• High error rate points to ‘systemic’ problem at CMS

    Editor’s Note:  The massive error rates at CMS demonstrate the need for increased White House oversight of the agency’s operations.

    From:  HME News

    ‘If I was Medicare, this would be embarrassing’

    By Theresa Flaherty, Managing Editor

    BALTIMORE – CMS’s announcement last week of a 61% improper payment rate for home medical equipment points to the need for the agency to take a closer look at its own policies and procedures, say HME industry stakeholders.
     
    “It points to a systemic problem,” said Walt Gorski, vice president of government affairs for AAHomecare. “If 61% of the class is failing, you need to look at the teacher.”
     
    Other claims types, like inpatient hospital and physician/lab/ambulance, have error rates in the single digits. The overall error rate for Medicare fee-for-service is 8.6%.
     
    There are several key factors pushing the error rate for HME so high, say stakeholders.

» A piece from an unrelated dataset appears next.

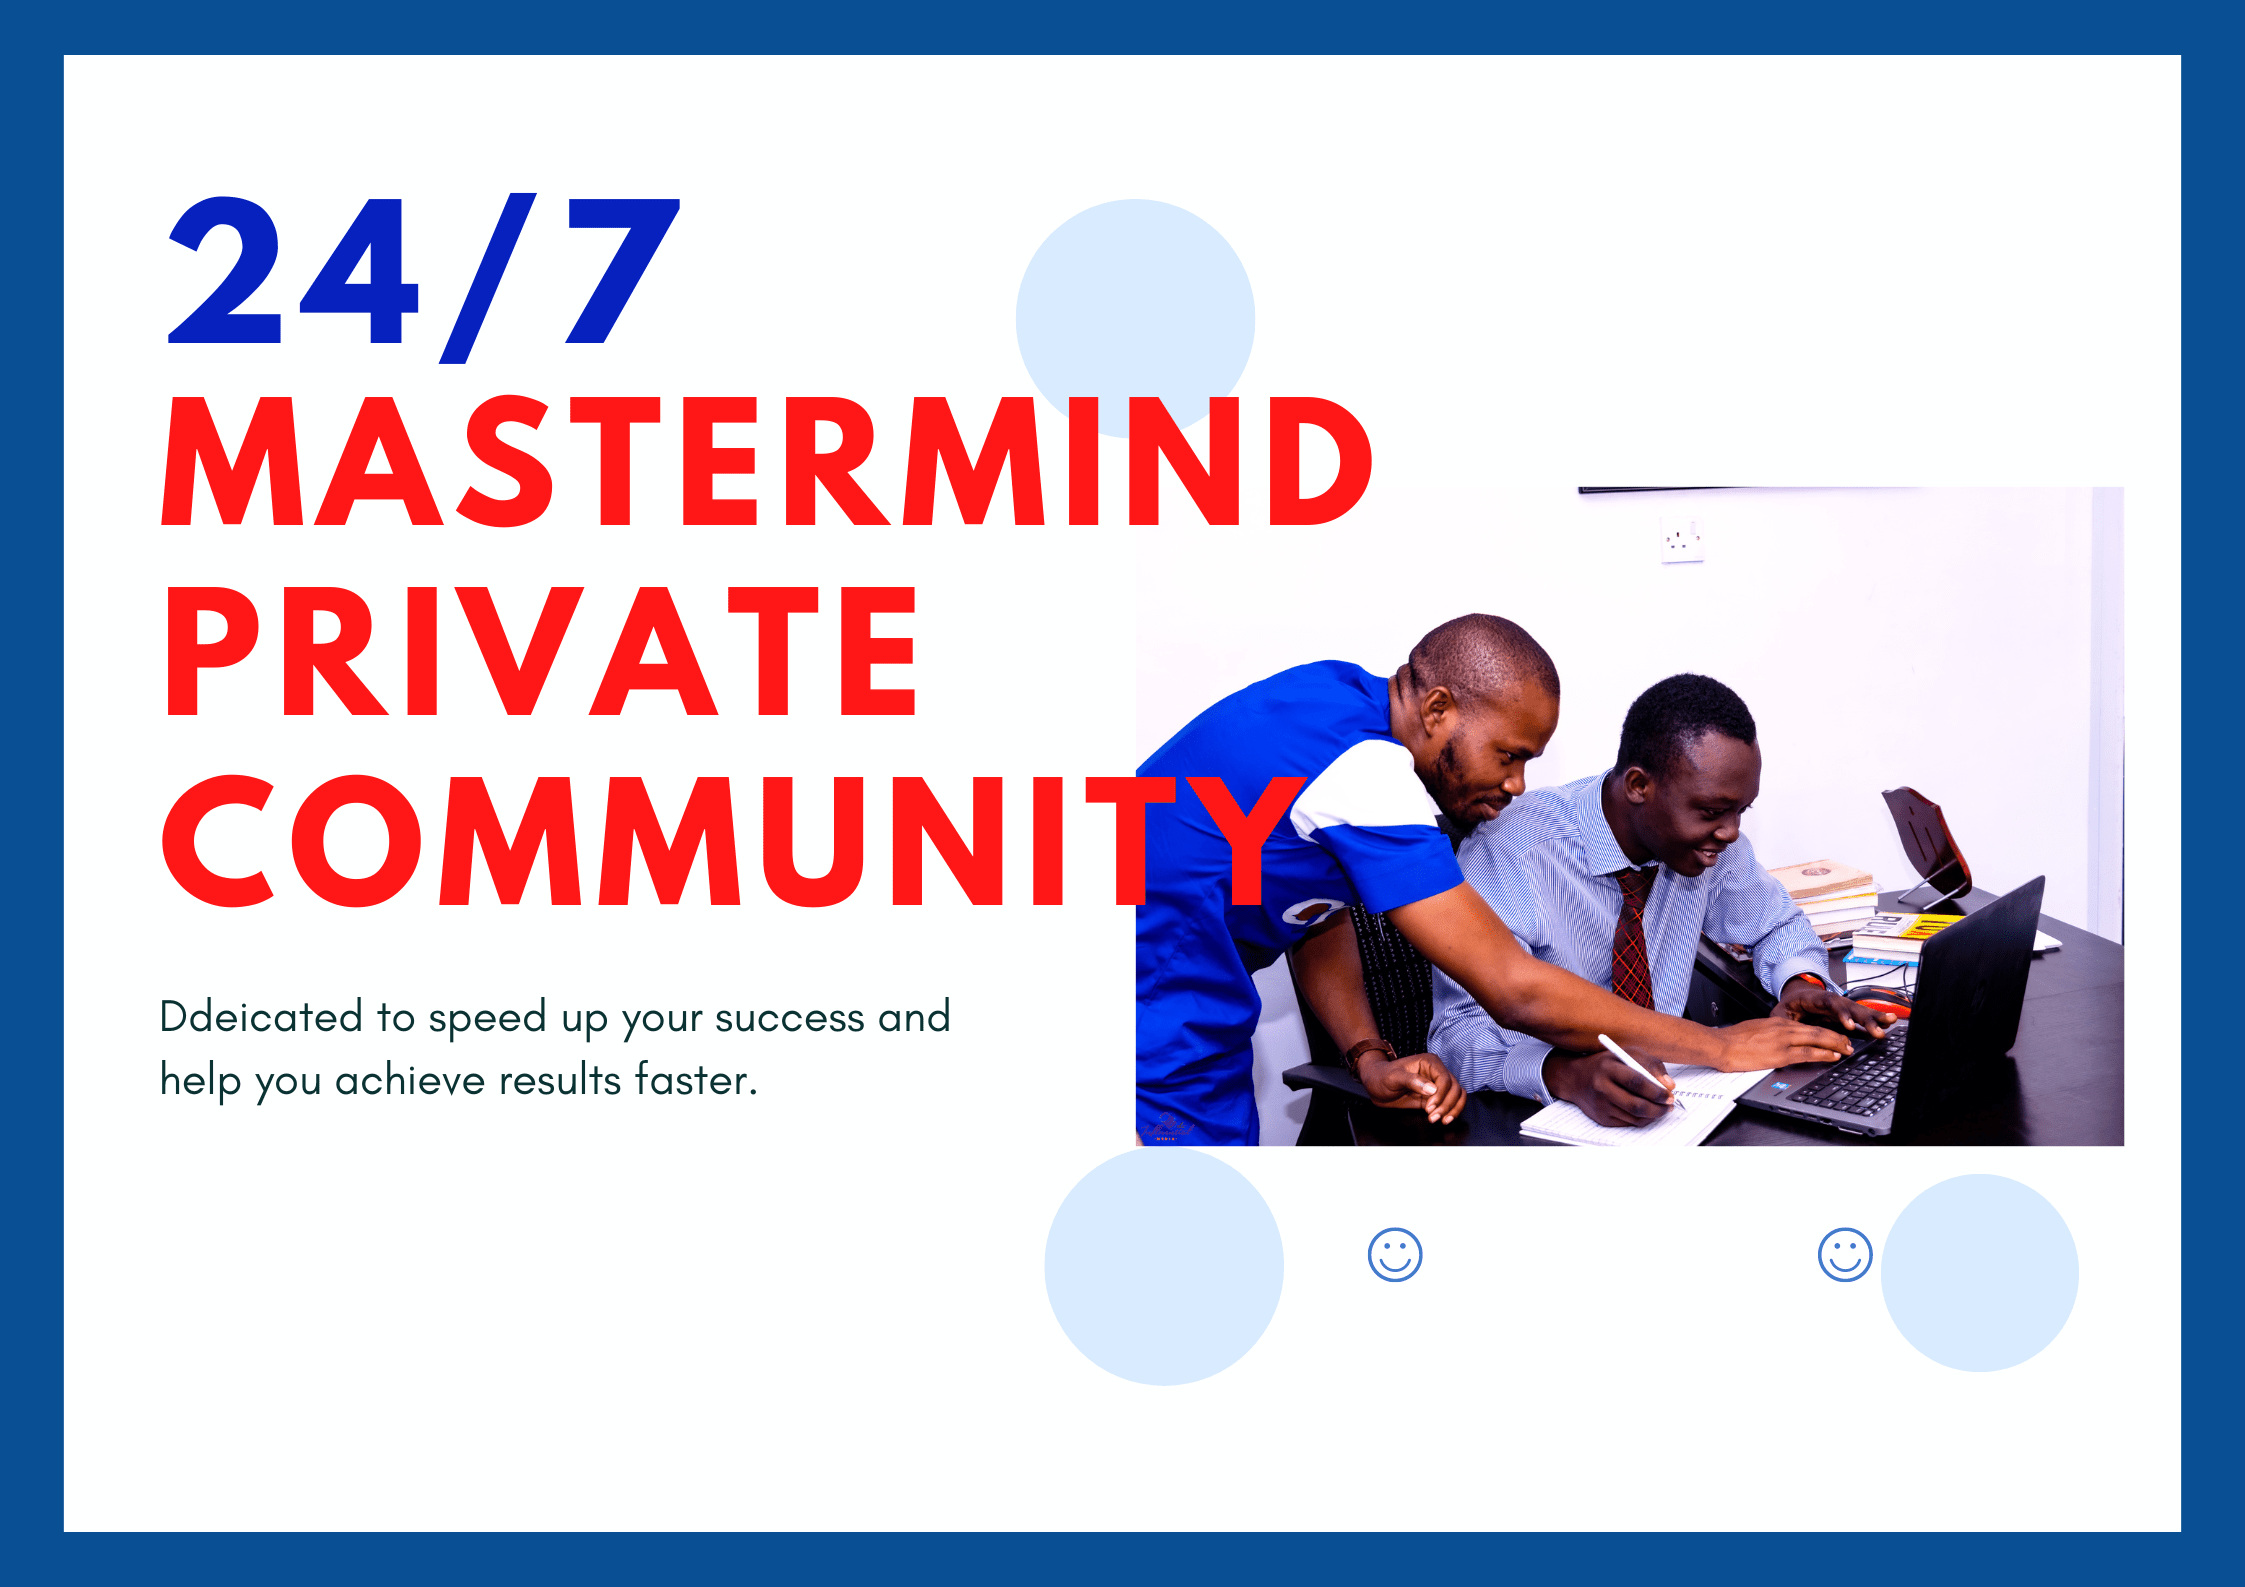 Mastermind Private community

Chief among them: unclear and inconsistent medical policy.
     
    “Suppliers are filing claims based on the requirements that are set by Medicare,” said Wayne Stanfield, president and CEO of NAIMES. “Is it so convoluted and overburdensome that no one can get it right? If I was Medicare, this would be embarrassing.”
     
    Adding to the problem: Providers are dependent upon physician documentation.
     
    “Not only do we have to make sure our documentation is in order, but make sure the physician’s is, too,” said Gorski. “If you are not going to hold physicians accountable, you are not going to effect change.”
     
    Gorski also pointed out that auditors have too much free rein when it comes to interpreting coverage policy.
     
    “Policies are subject to auditor interpretation,” he said. “Sixty-one percent of the time, federal auditors are overruling the clinical decision making of physicians.”
     
    CMS last week also announced a three-year demonstration project to expand prepay reviews by Recovery Audit Contractors (RACs). Under the demo, auditors will identify improper claims before payment is made. They will be paid contingency fees from the money CMS saves by denying improper claims.
     
    “AAHomecare has made a number of recommendations to prevent bad claims from being paid at the outset,” said Gorski. “But if you allow independent contractors to get a piece (of the Medicare pie), that is only going to hurt the providers and, in turn, the beneficiaries.”